• [GOAL OF THE EXERCISE]: Please restate word for word the lines of the entries below from the one with "Słupek niski Defra" to the one with "請求可能減衰冒険Dove Purely Pampering", inclusive, and leave out every picture.

• [MATERIAL PROVIDED]:
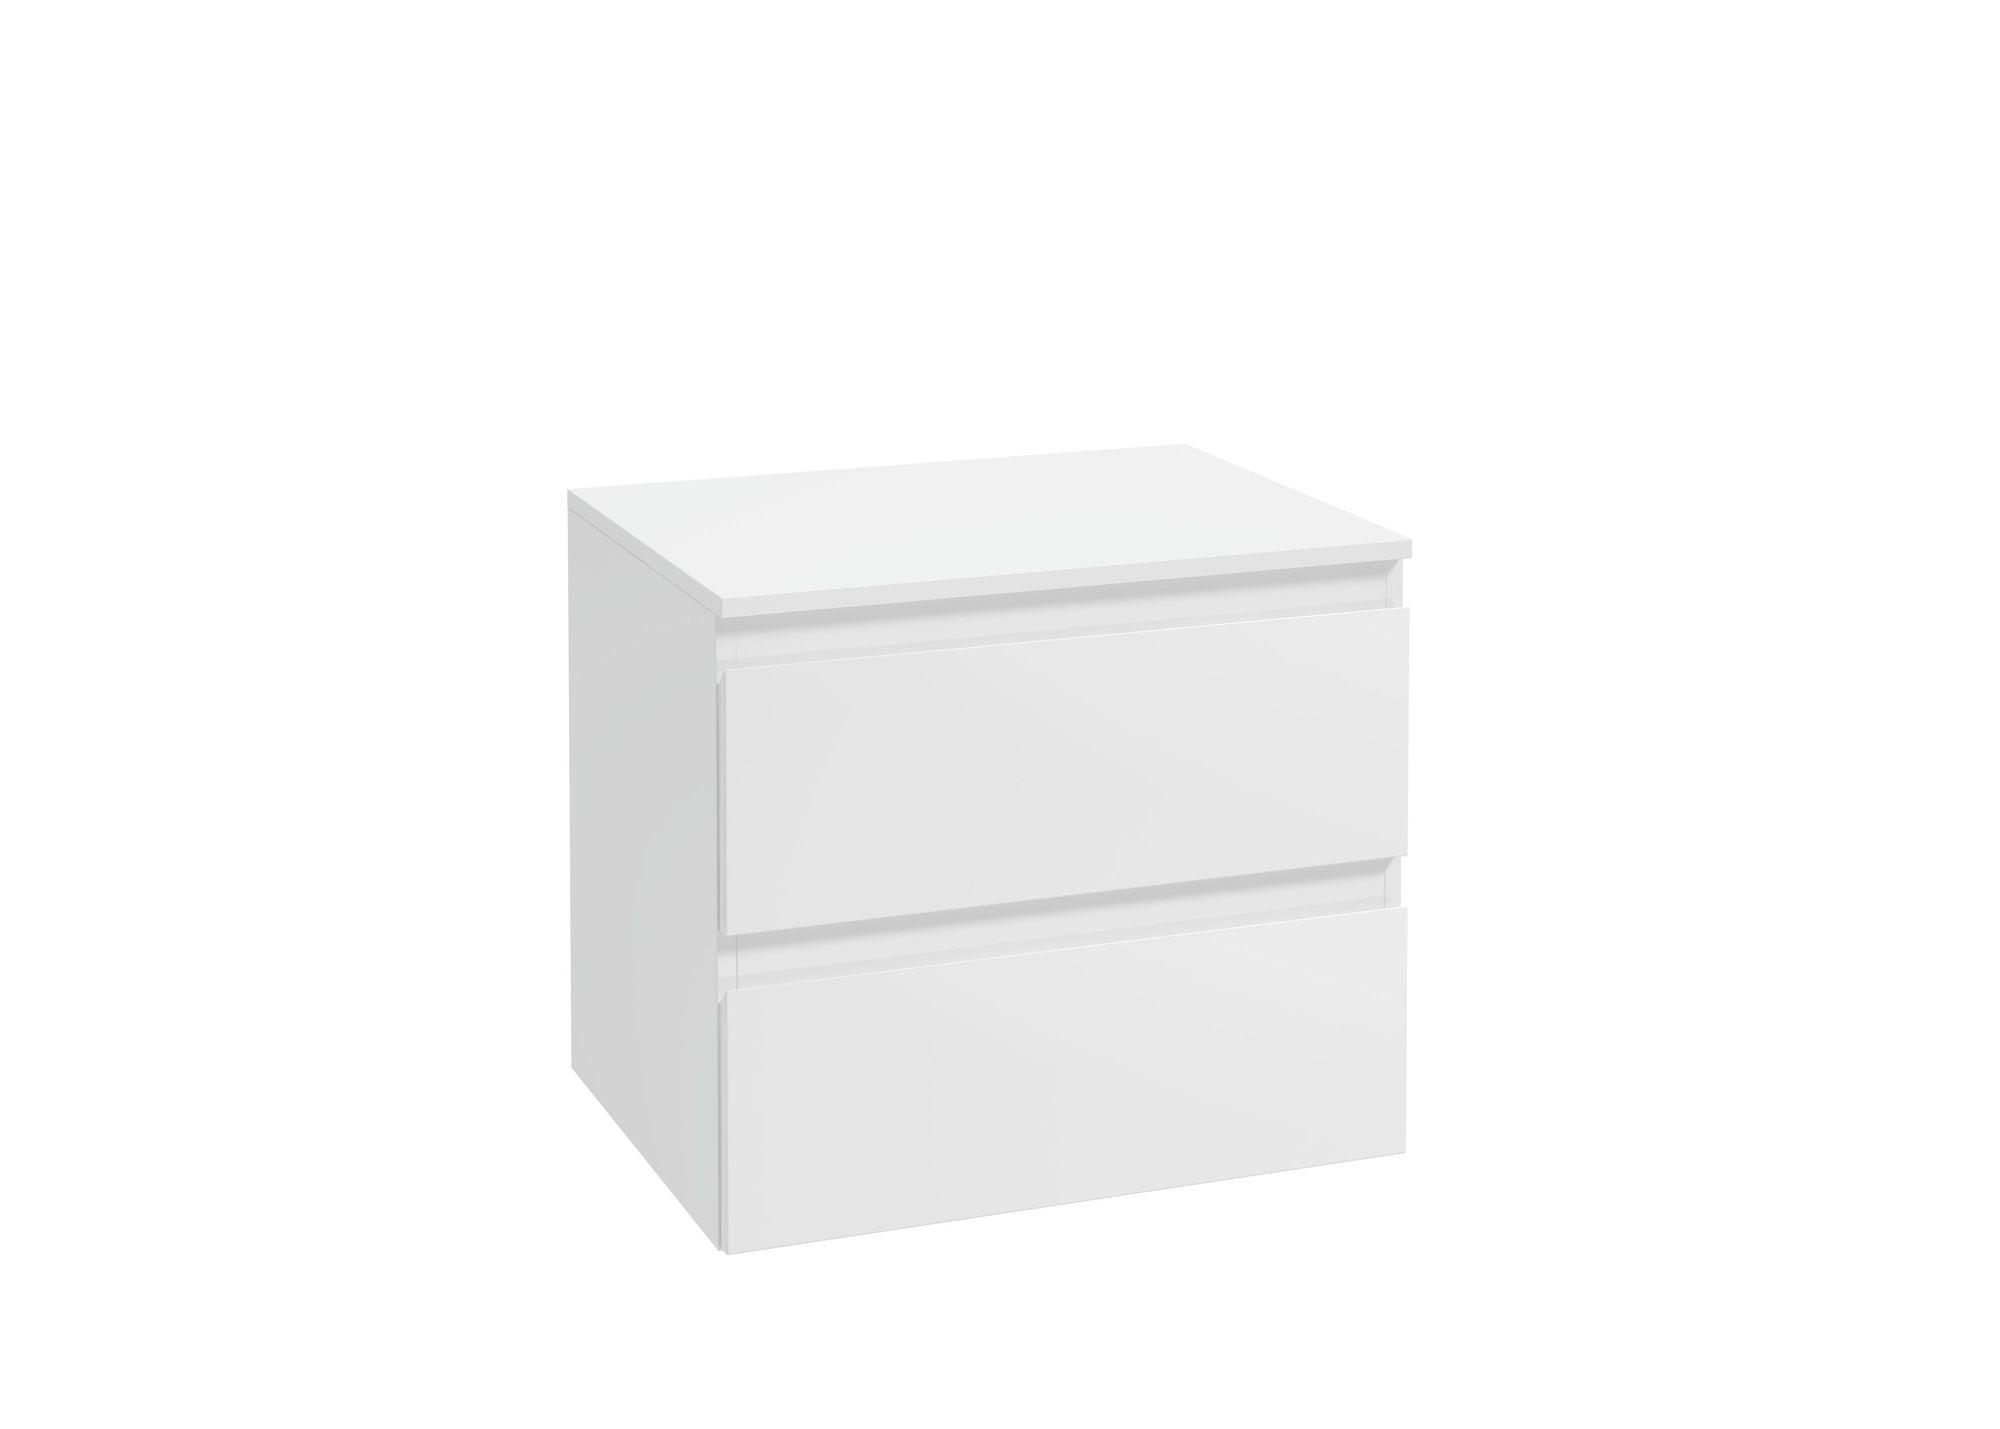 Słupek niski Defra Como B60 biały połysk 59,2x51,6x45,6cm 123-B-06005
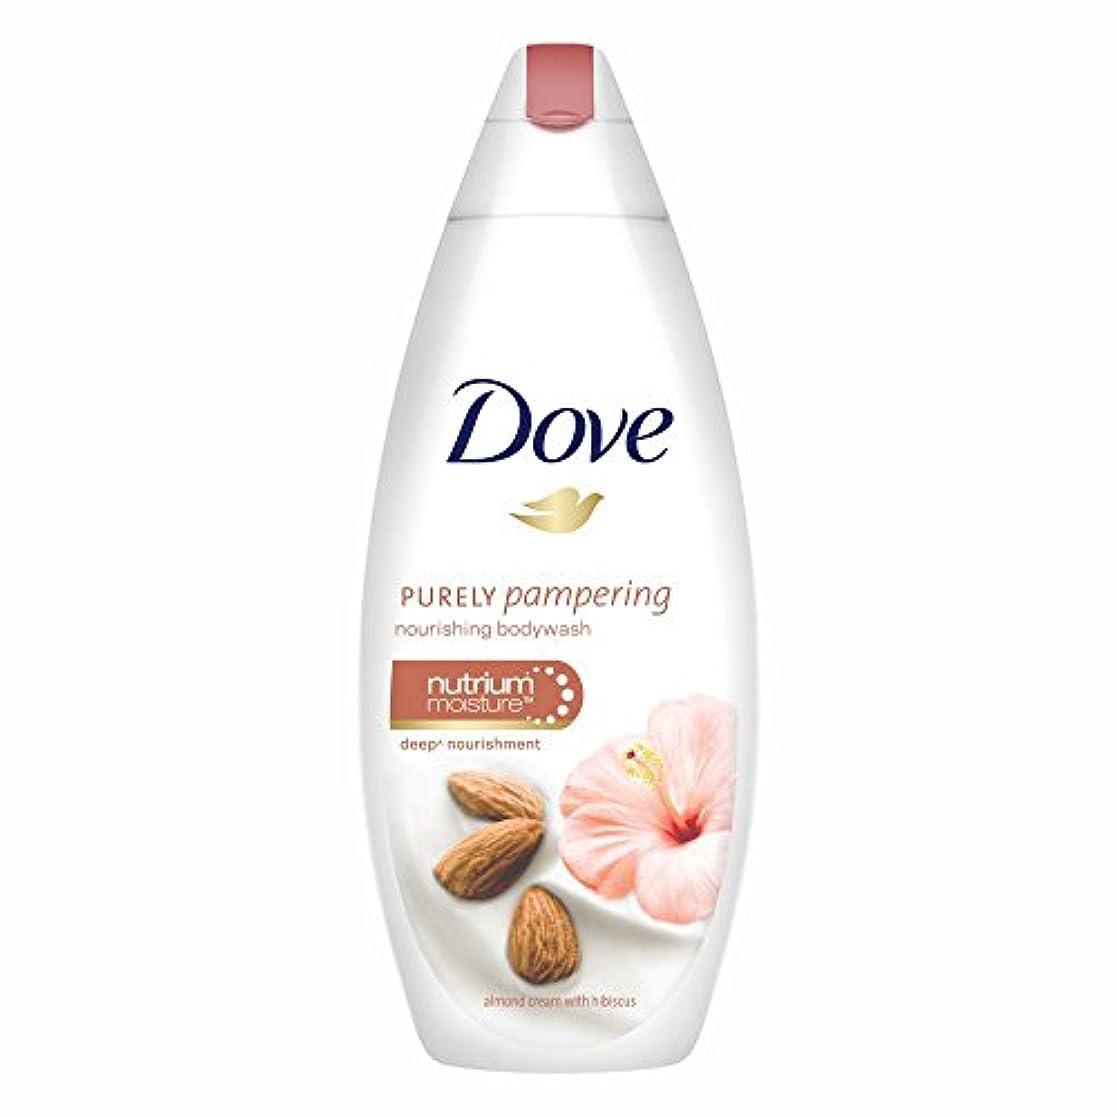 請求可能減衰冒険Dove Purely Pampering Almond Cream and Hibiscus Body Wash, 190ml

...

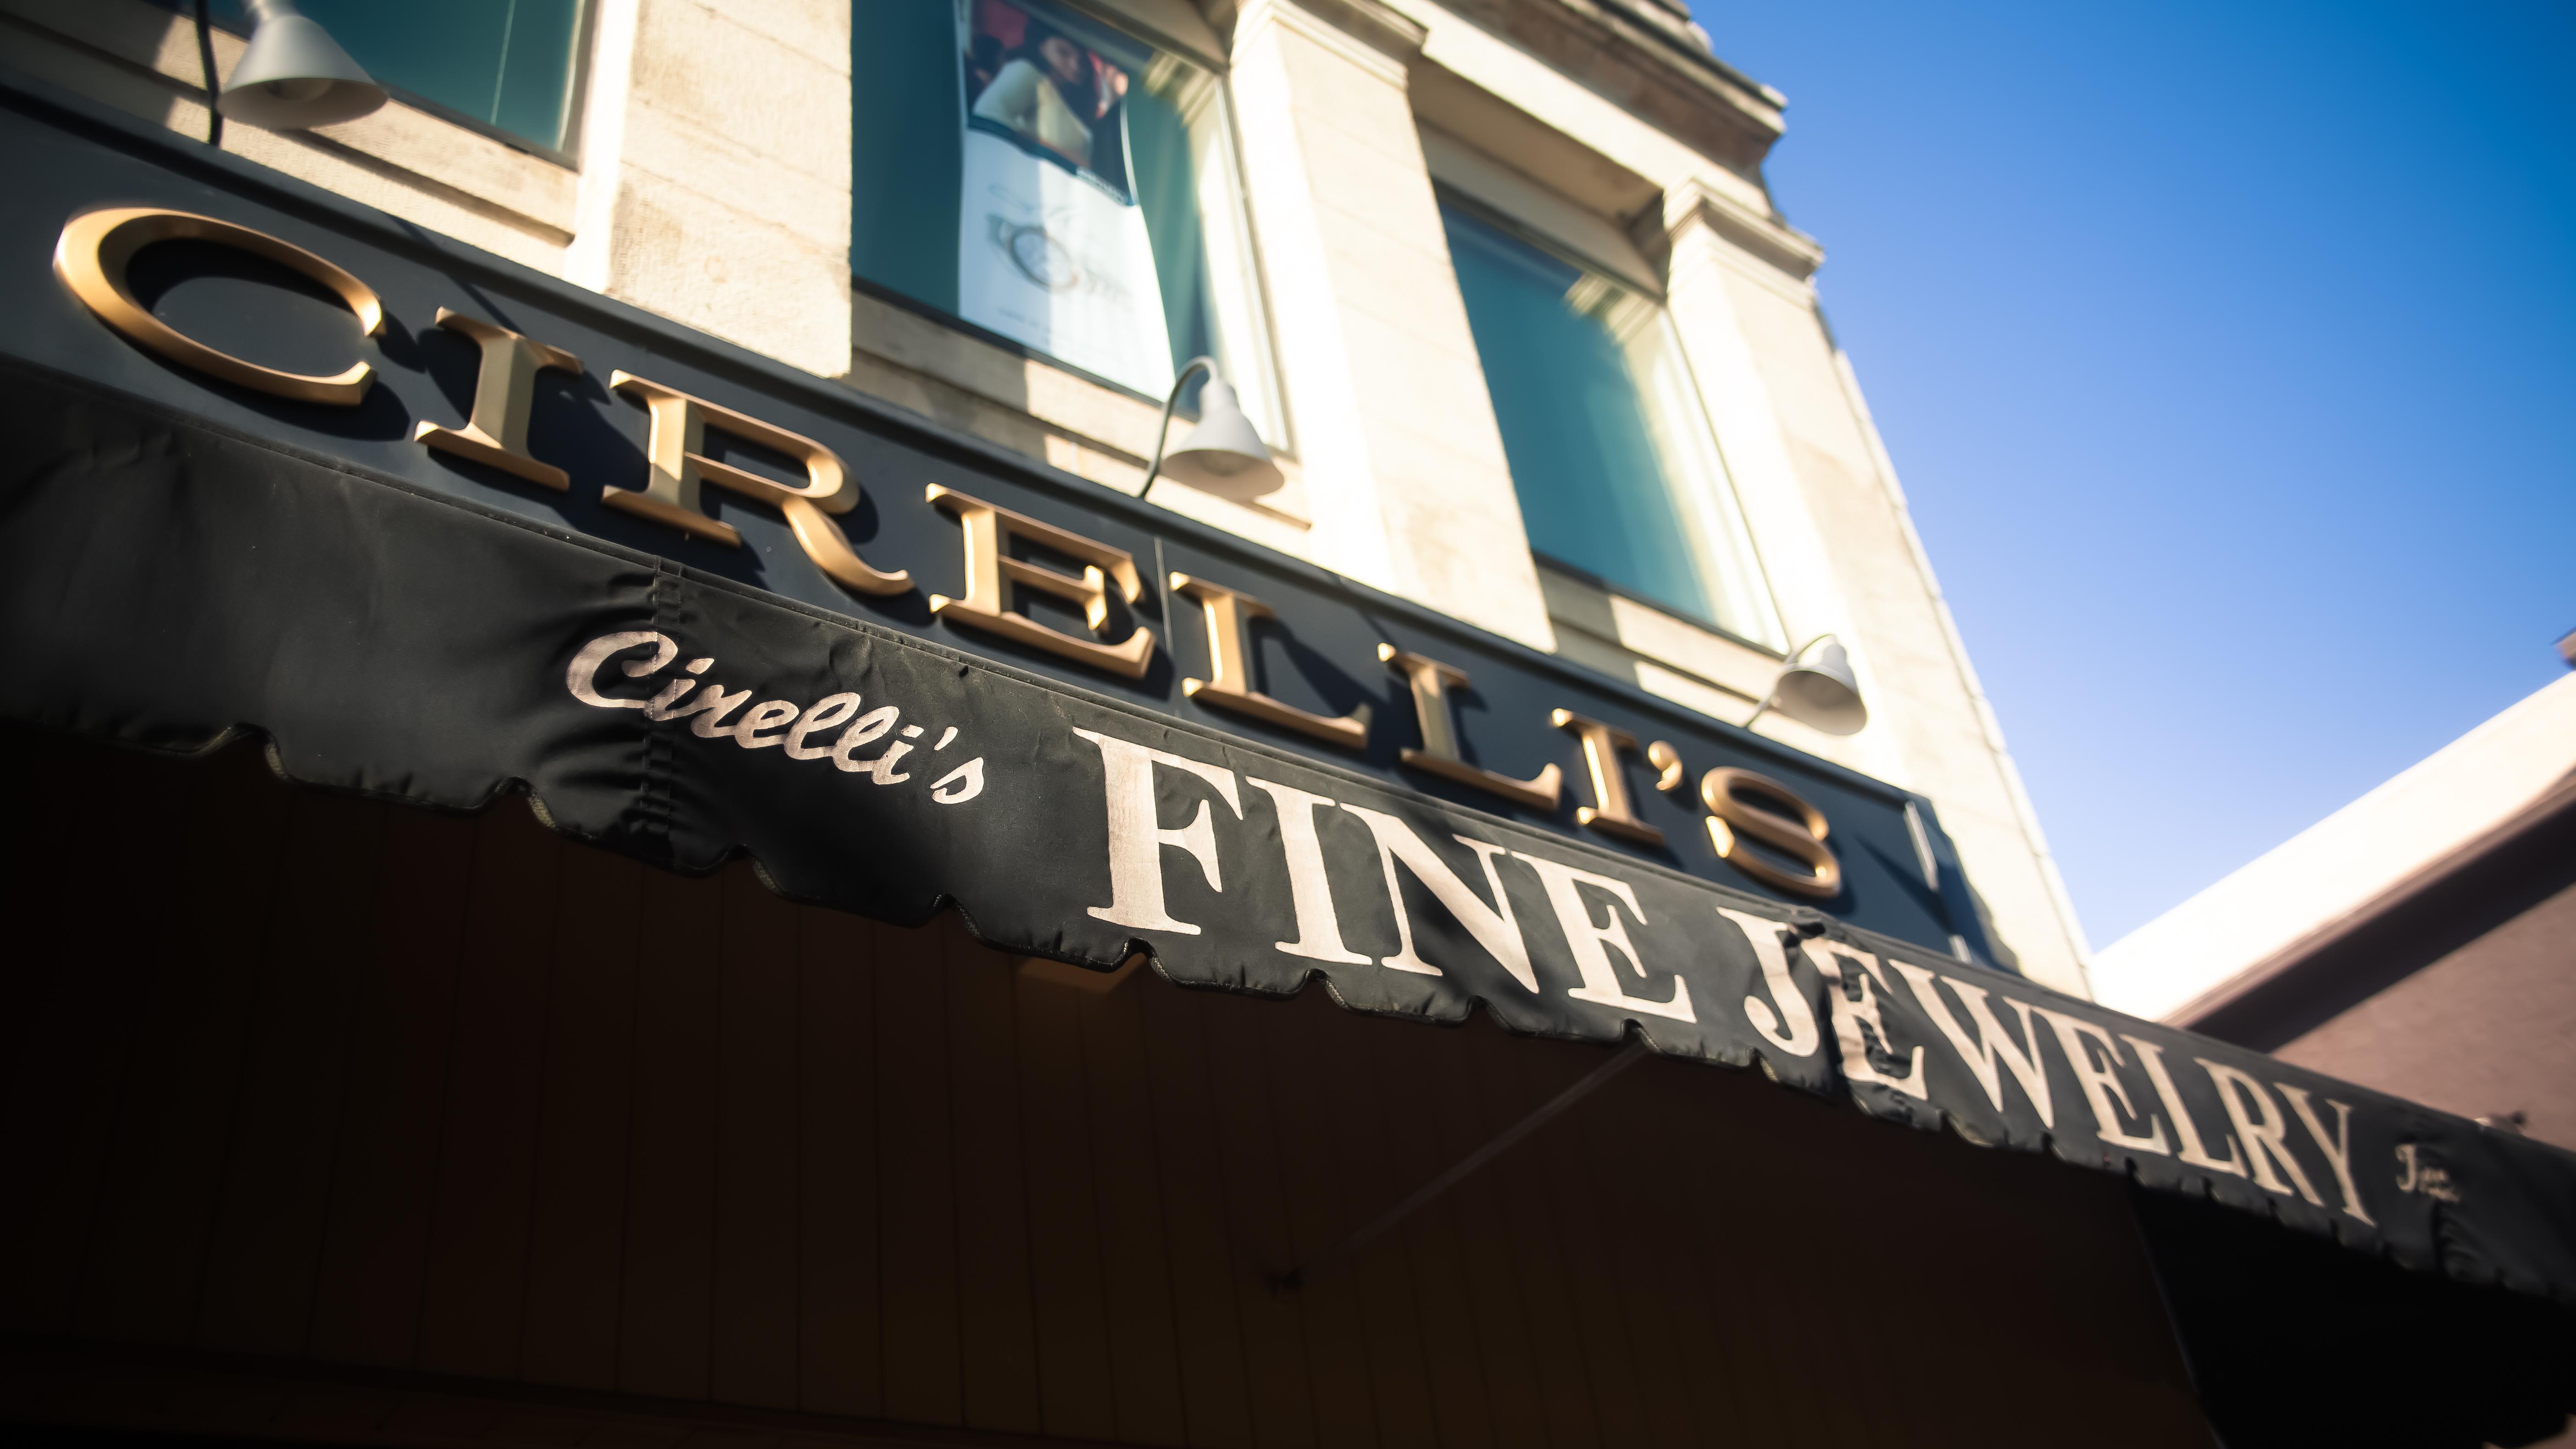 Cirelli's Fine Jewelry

• [ANSWER TO THIS EXERCISE]:
 Słupek niski Defra Como B60 biały połysk 59,2x51,6x45,6cm 123-B-06005
 請求可能減衰冒険Dove Purely Pampering Almond Cream and Hibiscus Body Wash, 190ml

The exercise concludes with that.